At present the precision of fiber optic gyroscope (FOG) is so lower that it is necessary to analyze
the performance of FOG and set up its drift error model to raise the precision. There are many noise
source in FOG, these noise sources and environment intrusion cause many random error terms, such as
bias instability, angular random walk,rate random walk and rate ramp. It is impossible to adopt general
analytical method (such as calculating mean and covariance) to confirm these random errors.
Now, the precision of FOG made in our country is low and to improve it cost high and is difficulty.
So this paper improve the system precision by software in the error modeling and filtering of the FOG
random drift. Now, the main method to minish the FOG random drift is Kalman filter. In this paper,the
FOG drift data is processed by Kalman filter,and the effect of filtering is analyzed. The simulation result
show that Kalman filter can minish the FOG random drift more simply and more efficiently.
Because the Kalman filter is based on the steady time series model of FOG random drift, in this
paper, FOG random drift data is validated to be a non-stationary time series, so the unsteady sample of
FOG drift needs statistical test and corresponding pretreatment using stochastic signal processing
methods, and then the mathematical model is establishing by time series analysis theory.
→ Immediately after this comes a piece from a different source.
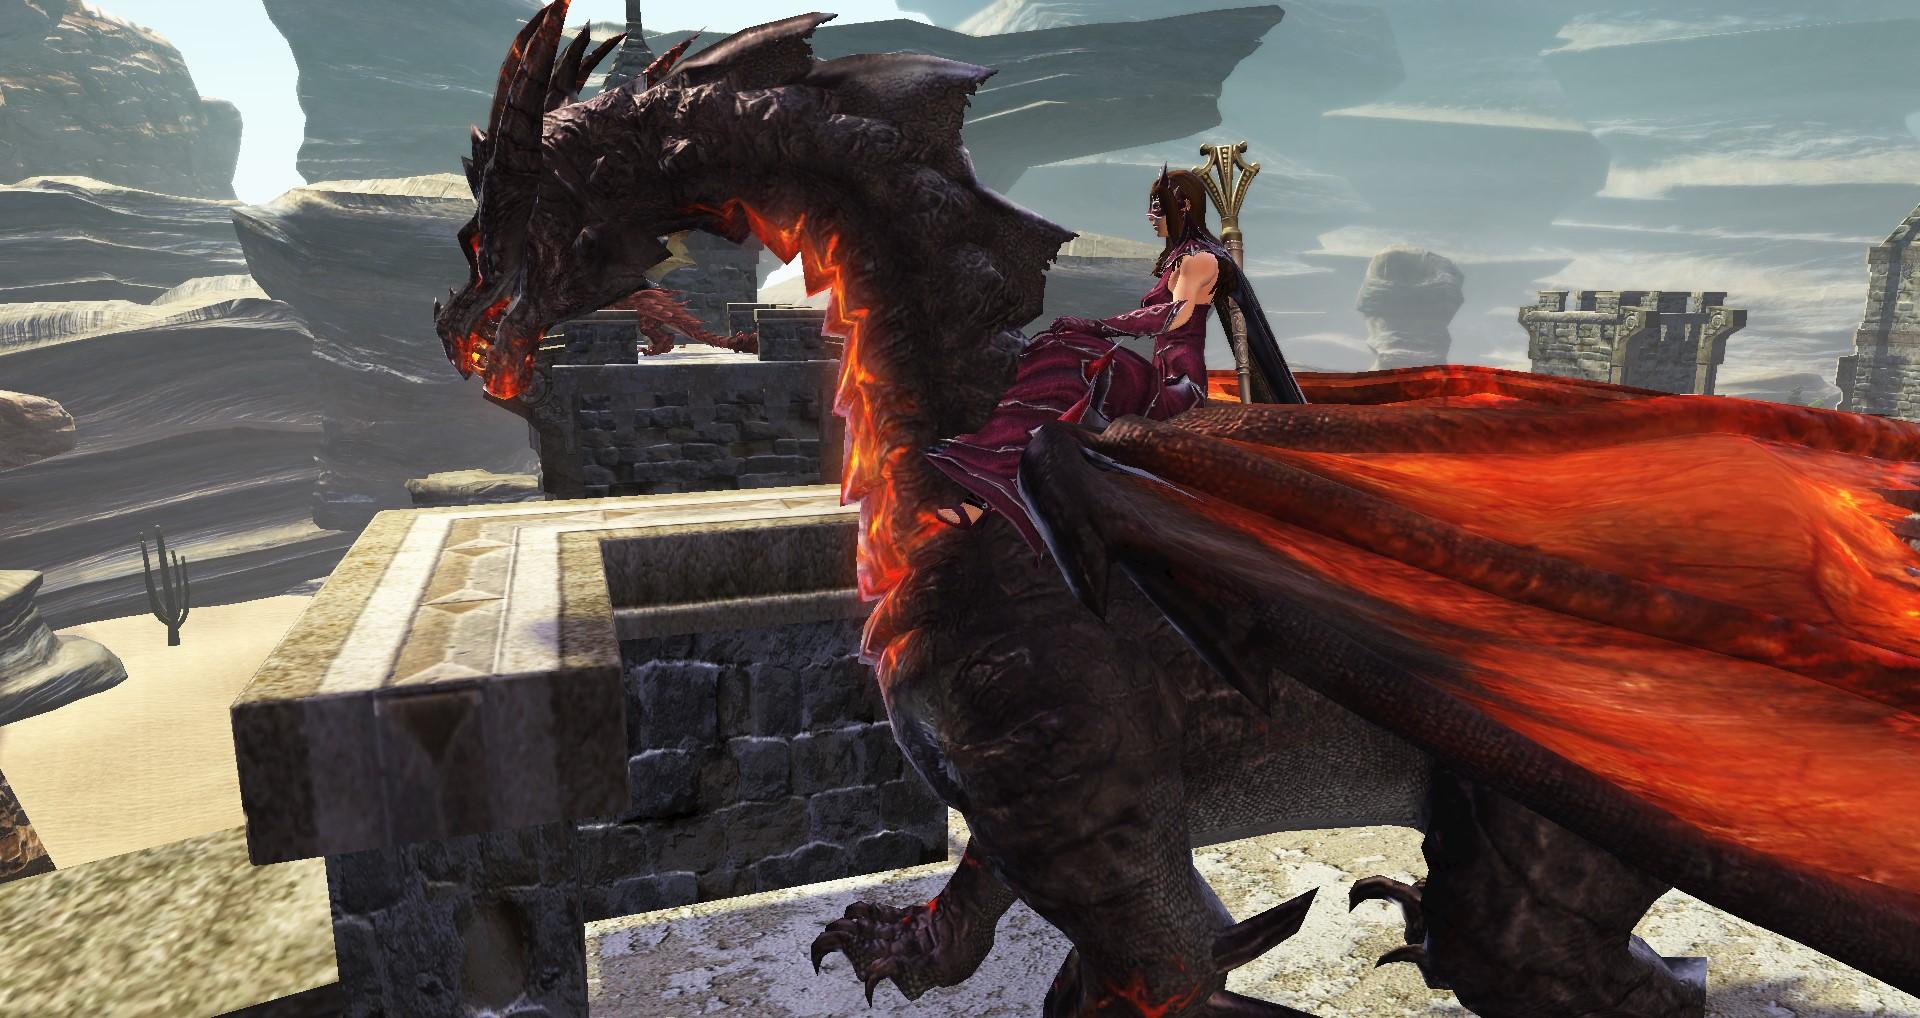 все игры с драконами картинки отметить, как эксперименты

It is proved that
the random noise can be represented by a single equivalent ARMA(auto-regressive moving average) or
ARIMA model that is simple to implement. The data pretreatment is made, the model is identified,the
method of using long autoregression method to estimate the coefficients are studied.
In the end, experimental modeling of the FOG random drift is carried out, the random noise of
FOG is processed by using Kalman filter. Experimental results demonstrate that the performance of the
filter is feasible and the model can reject the random noise of FOG.